Hence, you could also call
"->get_entities" on the taxa object,
which returns a reference to an array of taxon objects contained by the
taxa object. Note however the shorthand:
while ( my $taxon = $taxa->next ) { ... }
- Iterating over datum objects.
- Problem
- You want to access the datum objects contained by a
Bio::Phylo::Matrices::Matrix object.
- Solution
-
use Bio::Phylo::IO;
# parsing a table
my $table_string = qq(A,1,2|B,1,2|C,2,2|D,2,1);
my $matrix = Bio::Phylo::IO->parse(
-string => $table_string,
-format => 'table', # See Bio::Phylo::Parsers::Table
-type => 'STANDARD', # Data type
-fieldsep => ',', # field separator
-linesep => '|' # line separator
);
print ref $matrix, "\n"; # prints 'Bio::Phylo::Matrices::Matrix'
my $datum = $matrix->get_by_index( 0, -1 );
print ref $datum; # NOTE: prints 'ARRAY'!
- Discussion
- The Bio::Phylo::Matrices::Matrix object subclasses the
Bio::Phylo::Listable object. Hence, its iterator methods are applicable
here as well. In the above example, the get_by_index method is used. With
a single argument it returns a Bio::Phylo object. With multiple arguments
the semantics are nearly identical to array slicing (see perldata), except
that an array reference is returned. Bio::Phylo generally passes
lists by reference (see perlref).
The Bio::Phylo::Generator module simulates trees under various models of clade
growth.
- Generating Yule trees.
- Here's how to generate a forest of ten trees with ten tips:
use Bio::Phylo::Generator;
my $gen = Bio::Phylo::Generator->new;
my $trees = $gen->gen_rand_pure_birth(
-trees => 10,
-tips => 10,
-model => 'yule'
);
print ref $trees; # prints 'Bio::Phylo::Forest'
- Expected versus randomly drawn waiting times.

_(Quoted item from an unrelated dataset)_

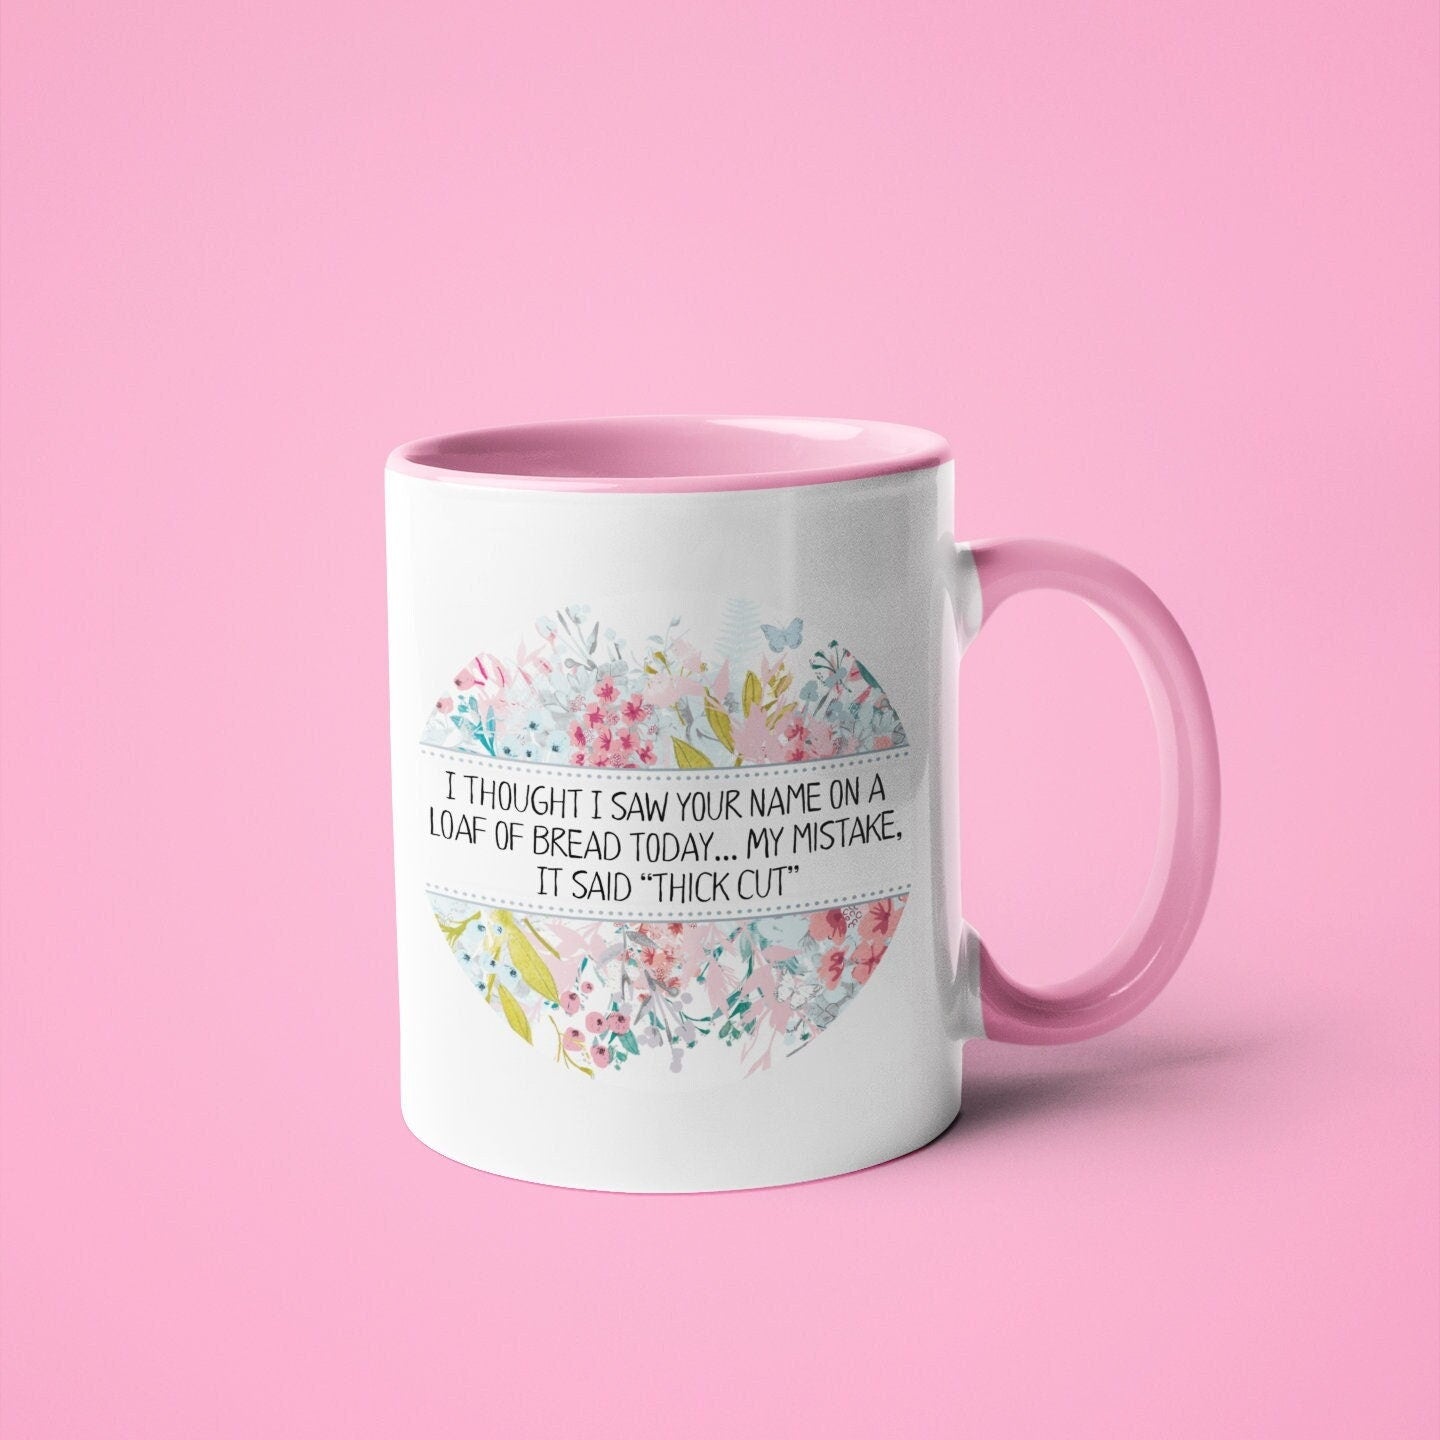 A white ceramic mug with a pink handle & inner featuring the funny quote i thought i saw your name on a loaf of bread today My mistake, it said thick cut. Printed in black ink surrounded by a colourful floral design.

- The generator object simulates trees under the Yule or the Hey model. The
"gen_rand_pure_birth" method call
returns branch lengths drawn from the appropriate distribution, while
"gen_exp_pure_birth" returns the
expected waiting times (e.g. 1/n where n=number of lineages for the Yule
model).
- Filtering objects by numerical value.
- To retrieve, for example, the nodes from a tree that are close to the
root, call:
my @deep_nodes = @{ $tree->get_by_value(
-value => 'calc_nodes_to_root',
-le => 2
) };
Which retrieves the nodes no more than 2 ancestors away from
the root. Any method that returns a numerical value can be specified
with the "-value" flag. The
"-le" flag specifies that the returned
value is less-than-or-equal to 2.
- Filtering objects by regular expression.
- String values that are returned by objects can be filtered using a
compiled regular expression. For example:
my @lemurs = @{ $tree->get_by_regular_expression(
-value => 'get_name',
-match => qr/[Ll]emur_.+$/
) };
Retrieves all nodes whose genus name matches Eulemur, Lemur or
Hapalemur.
You can create visualize tree objects using the Bio::Phylo::Treedrawer module:
use Bio::Phylo::Treedrawer;
use Bio::Phylo::IO;
my $treedrawer = Bio::Phylo::Treedrawer->new(
-width => 400,
-height => 600,
-shape => 'CURVY',
-mode => 'CLADO',
-format => 'SVG'
);
my $tree = Bio::Phylo::IO->parse(
-format => 'newick',
-string => '((A,B),C);'
)->first;
$treedrawer->set_tree($tree);
$treedrawer->set_padding(50);
my $string = $treedrawer->draw;
Read the Bio::Phylo::Treedrawer perldoc for more info.
- Generic metadata
- You can append generic key/value pairs to any object, by calling
"$obj->set_generic( 'key' =>
'value');". Subsequently calling
"$obj->get_generic('key');" returns
'value'. This is a very useful feature in many
situations where you may want to attach, for example, results from
analyses by outside programs (e.g. likelihood scores) to the tree objects
they refer to. Likewise, multiple numbers (e.g. bootstrap values,
posteriors, bremer values) can be attached to the same node in this
way.
Object-oriented perl is a massive subject. To learn about the basic syntax of
OO-perl, the following perldocs might be of interest:
- perlboot
- Introduction to OO perl. Read at least this one if you have no experience
with OO perl.
- perlobj
- Details about perl objects.
- perltooc
- Class data.
- perltoot
- Advanced objects: "Tom's object-oriented tutorial for perl"
- perlbot
- The "Bag'o Object Tricks" (the BOT).
The following sections discuss the nested objects that model phylogenetic
information and entities.
- The Bio::Phylo root object.
- The Bio::Phylo object is never used directly. However, all other objects
inherit from it, which means that all objects have getters and setters for
their name, description, score. They can all return a globally unique ID,
log messages, and keep track of more administrative things such as the
version number of the release.
- The Bio::Phylo::Forest::* namespace
- According to Bio::Phylo, there is a Forest (which is modelled by the
Bio::Phylo::Forest object), which contains Bio::Phylo::Forest::Tree
objects, which contain Bio::Phylo::Forest::Node objects.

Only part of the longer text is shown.